Exercise: Go through the records and transcribe them exactly, passing over any picture.
━━ Record set ━━
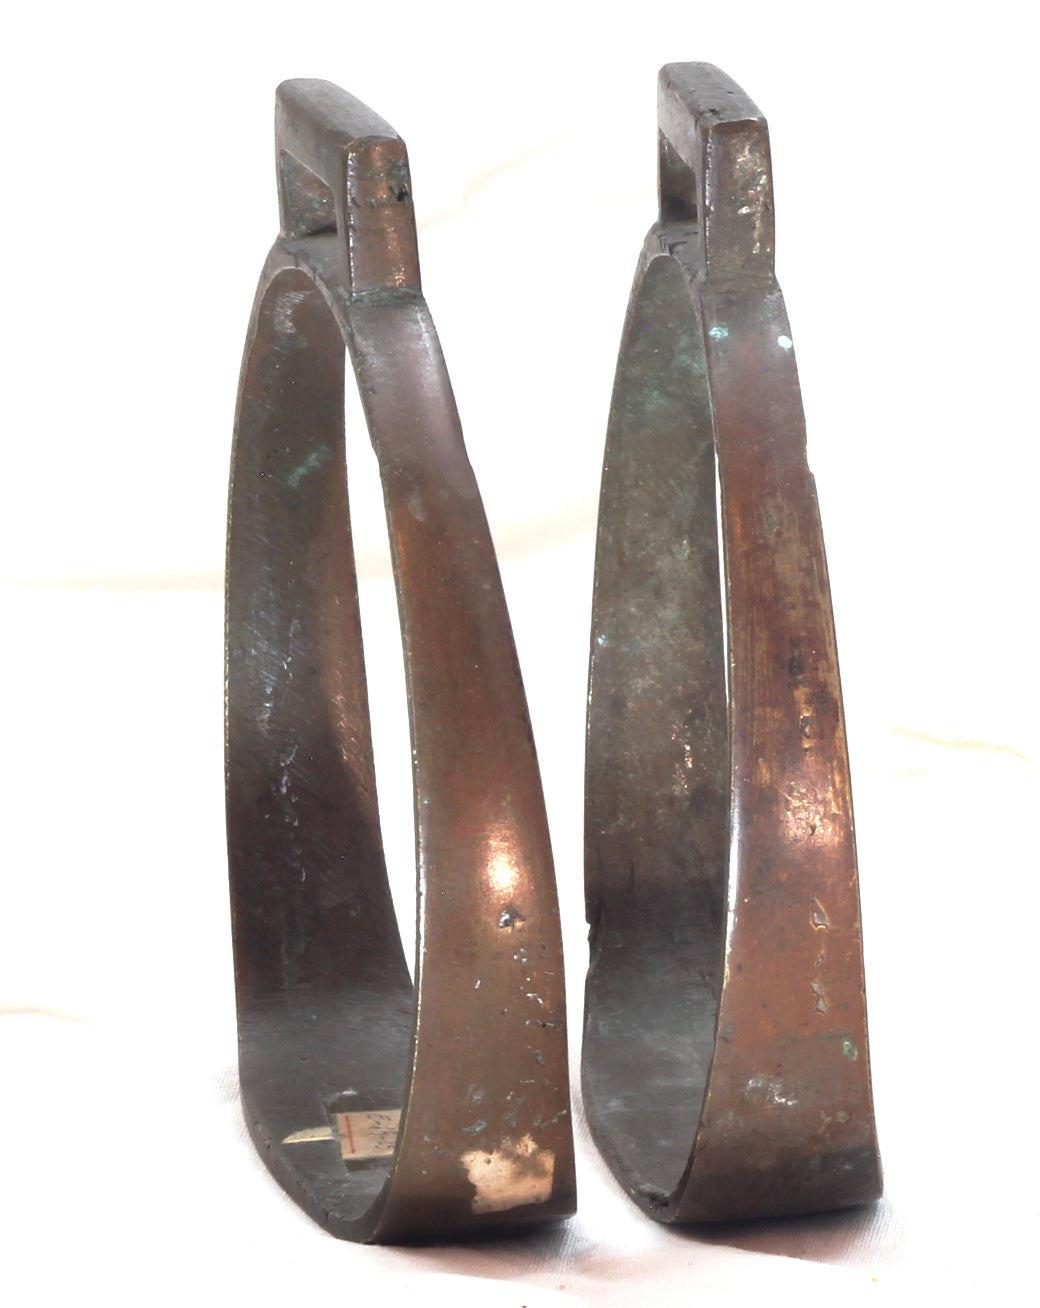 A Pair of French / Belgian Military Stirrups
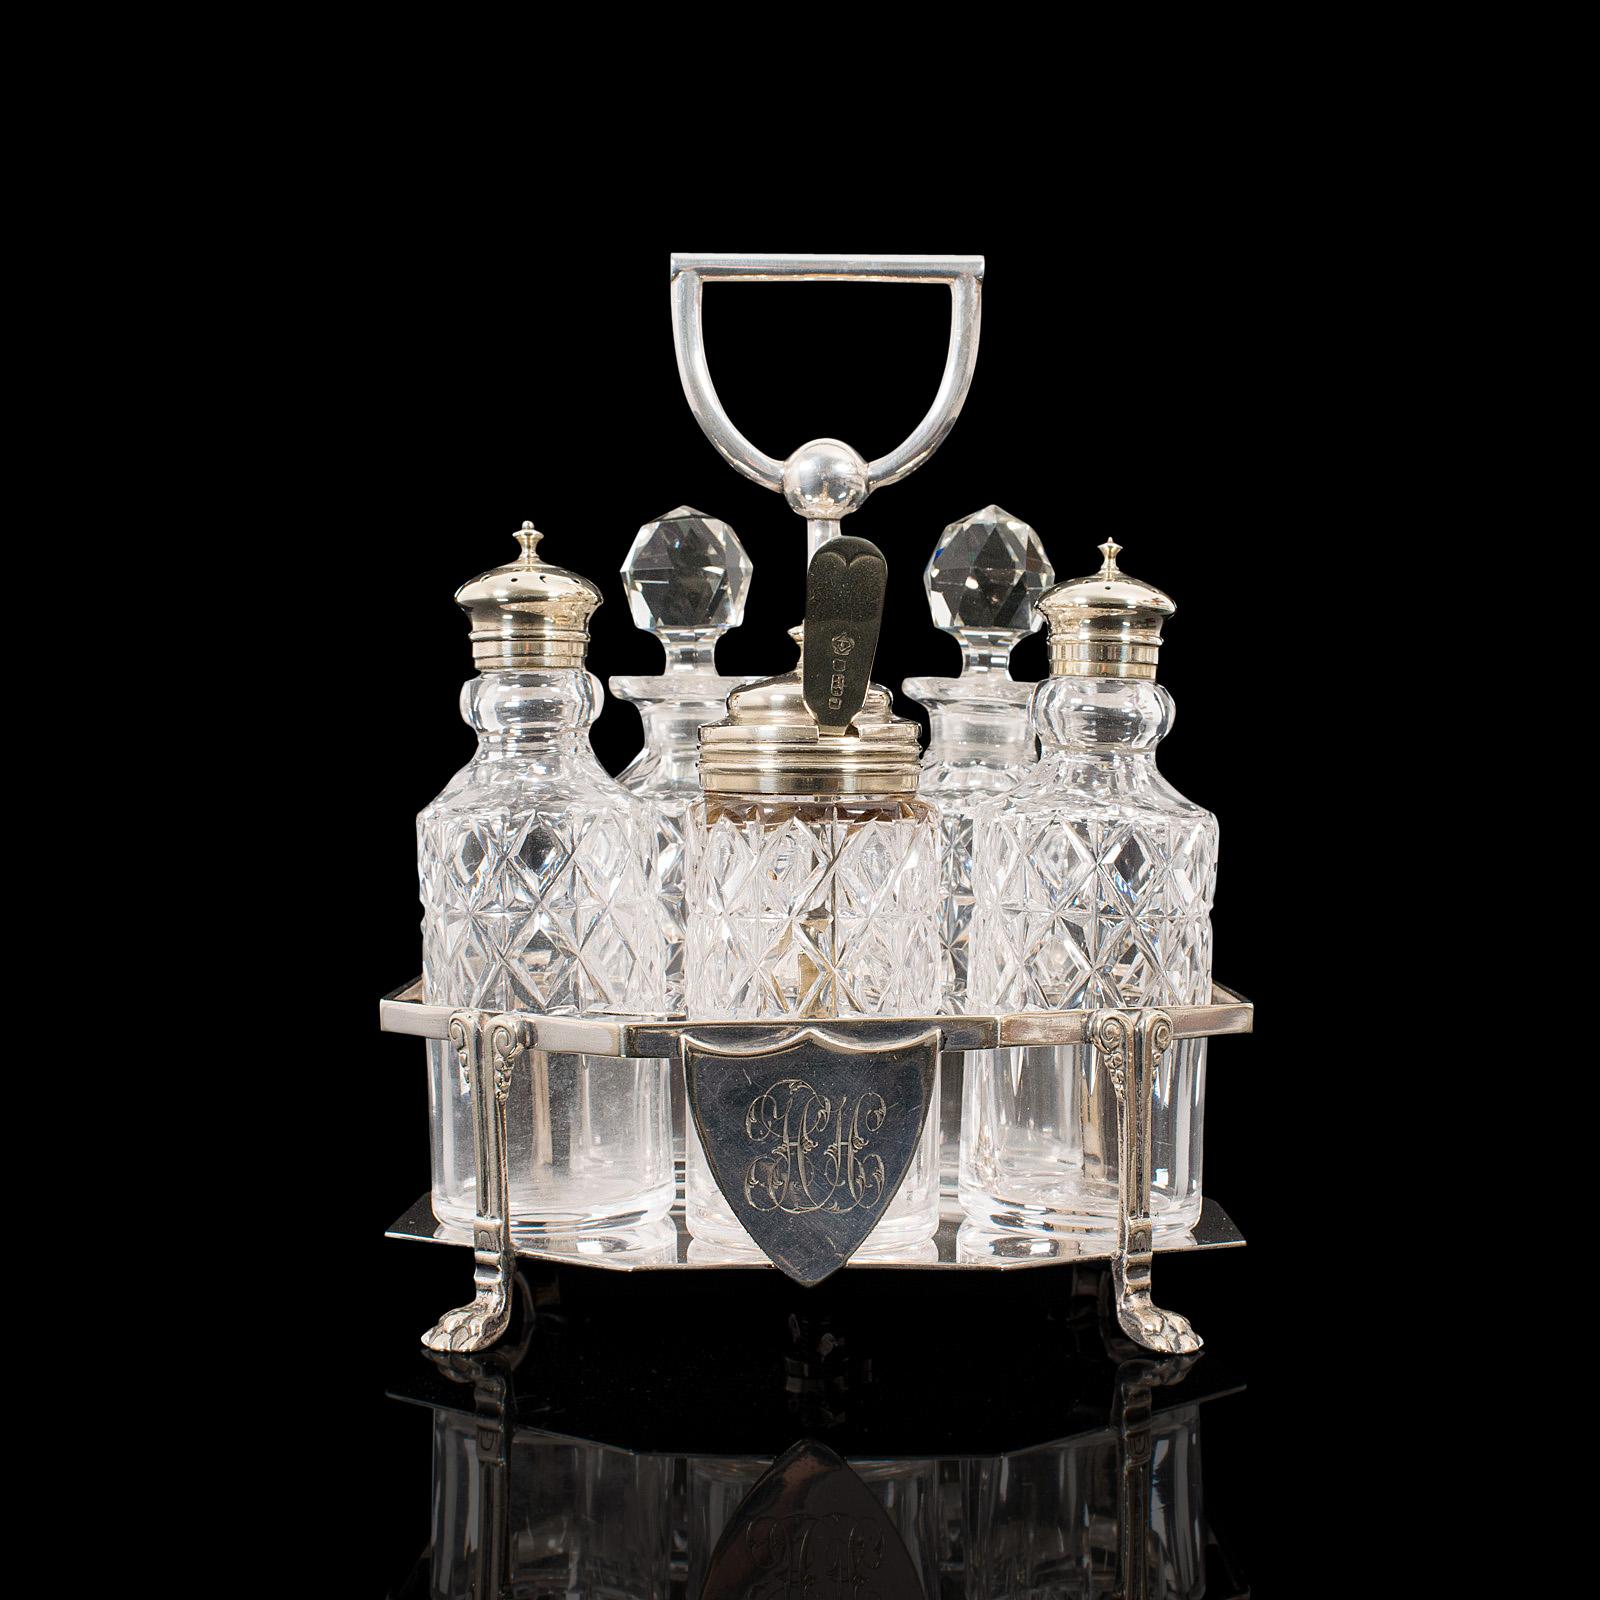 This is an antique condiment serving set. An English, silver plated table rack by Philip Ashbury and Sons of Sheffield, dating to the Edwardian period, circa 1910.

Attractive 5-piece condiments set for the dinner table
Displays a desirable aged
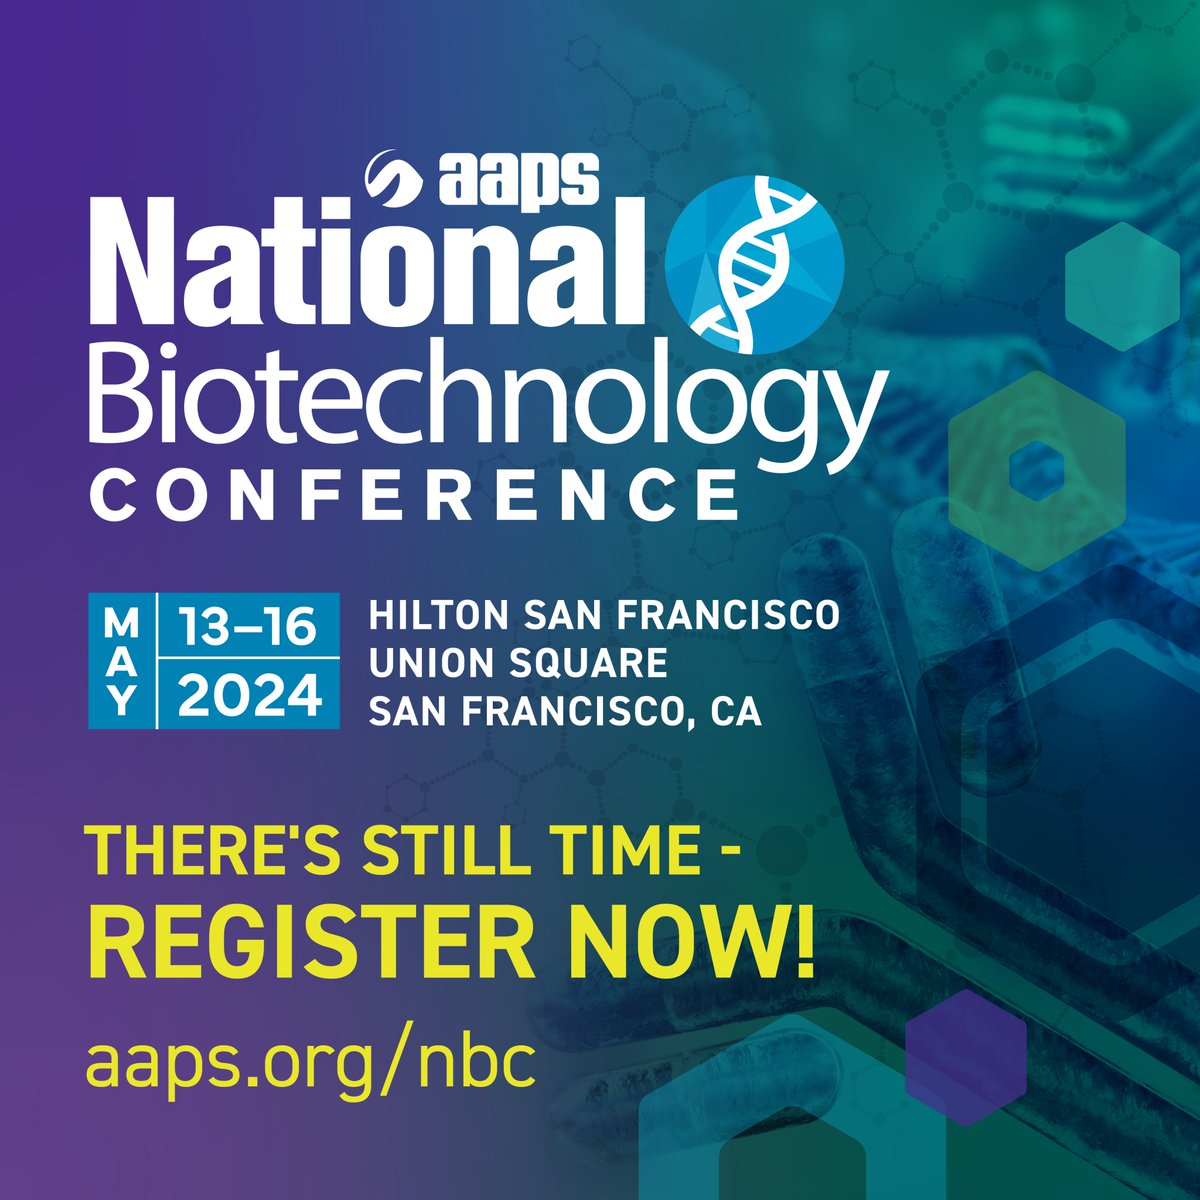 #Biotech executives are encouraged to register for the exclusive executive track session, “Cell and Gene Therapies at the Intersection of Business and Science,” on May 14 during our National Biotechnology Conference, #NBC2024, in San Francisco. Join us: bit.ly/NBCExecutiveTr…
━━━
Task response:
 A Pair of French / Belgian Military Stirrups
 This is an antique condiment serving set. An English, silver plated table rack by Philip Ashbury and Sons of Sheffield, dating to the Edwardian period, circa 1910.

Attractive 5-piece condiments set for the dinner table
Displays a desirable aged
 #Biotech executives are encouraged to register for the exclusive executive track session, “Cell and Gene Therapies at the Intersection of Business and Science,” on May 14 during our National Biotechnology Conference, #NBC2024, in San Francisco. Join us: bit.ly/NBCExecutiveTr…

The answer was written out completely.